It was between this moment of being in the same room as Sir David, and hearing him tell 4,999 other people that he, his crew and his success needed scientists (just like me) to achieve what he achieved. People. like. me. Thanks to my 90 year old hero, I had rediscovered my drive to ensuring my dream comes true, and that I really become an indispensable ecologist. A scientist without whom people like Sir David could not achieve what they do.

At this point I should probably mention, my friend Dr Kylie Soanes (from the University of Melbourne). She has a facebook page, as well as a website that I encourage you to look at – these also played a big part in encouraging me to start this journey – partly to improve my online and science communication, but also to promote easily understood science, particularly natural science, that can be read, discussed and debated by everyone.

This website will be a challenge – an exciting challenge – that I have now committed myself to for one year. Within it I will be sharing posts on conservation, advocacy, climate change and wildlife ecology for the majority of the time.

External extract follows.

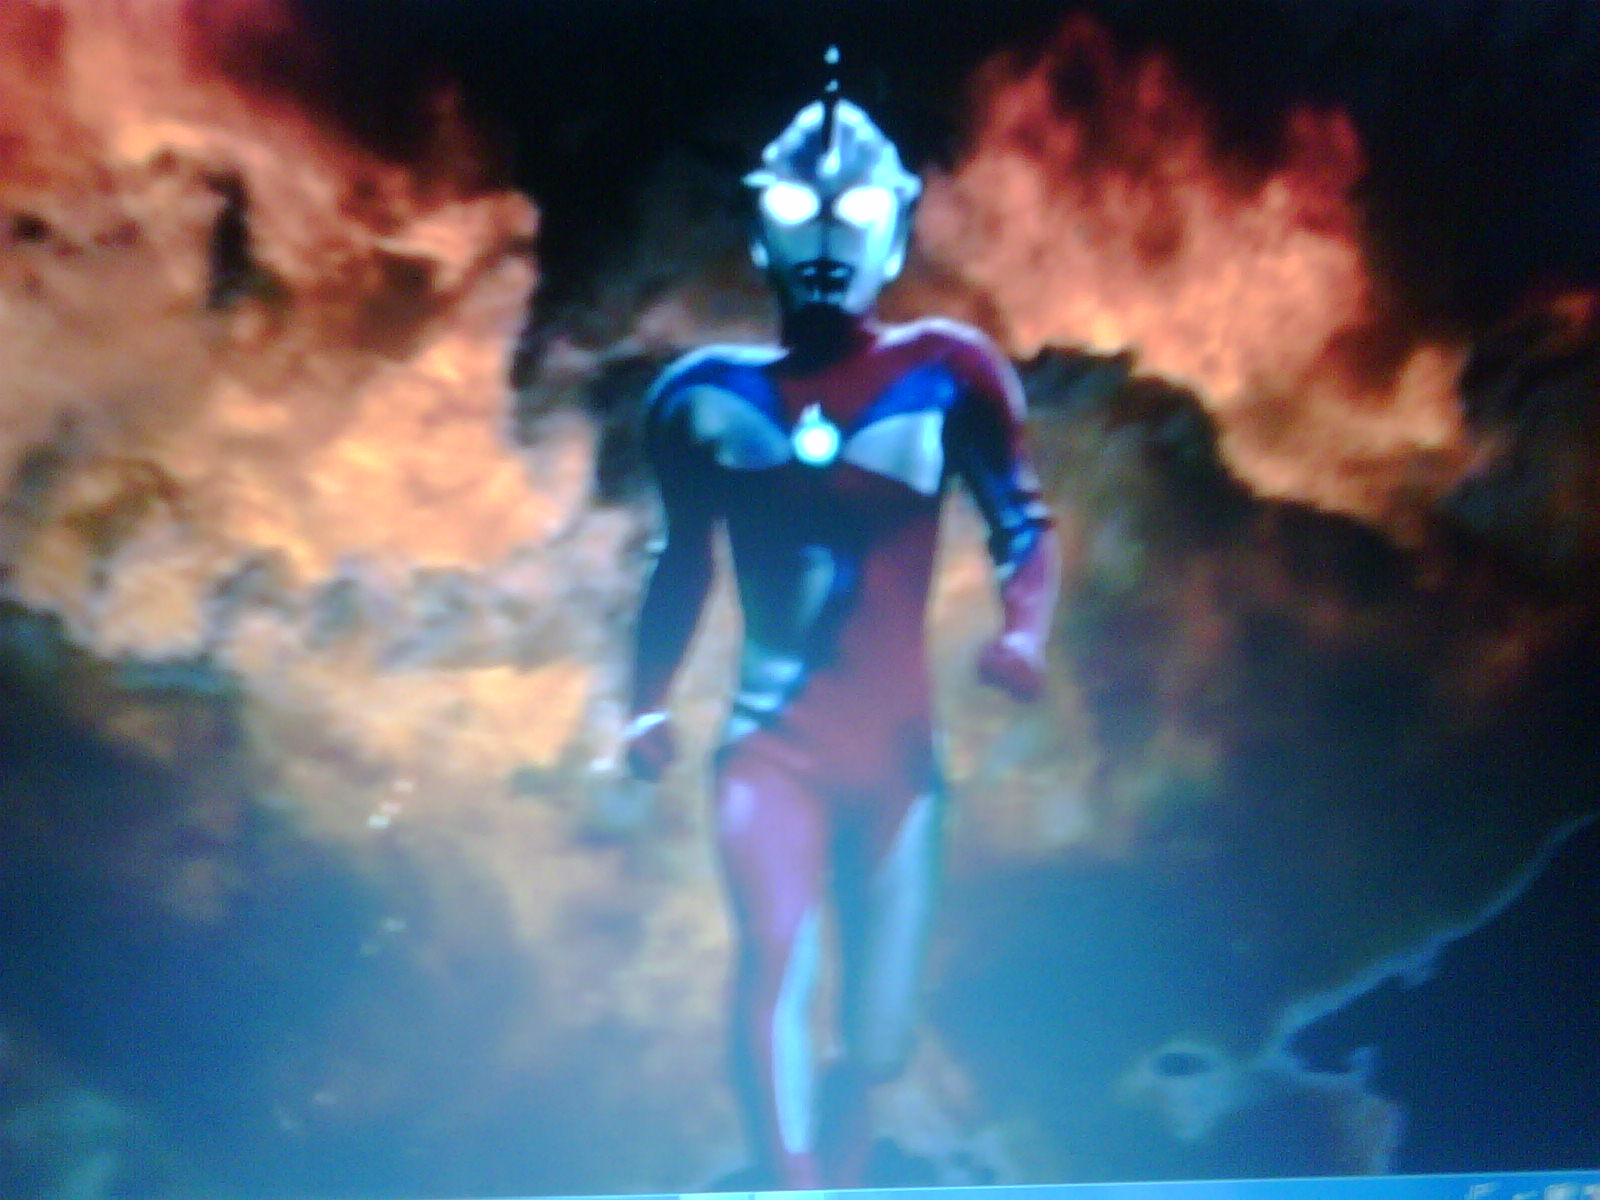 Muara Hati: Ultraman Cosmos

I will also be covering physical and chemical sciences (when I have the cranial capacity!), politically-tainted science, women in science, as well as discussing and introducing the giants (and not-yet so giants) of science world wide. I am excited to stand on the feat(s) of giants for the next year, as well as establishing some feats of my own – and hopefully in the mean time I can share, discuss, debate and talk a little wild science with you.

Talk wild science with me.

Dr Mel.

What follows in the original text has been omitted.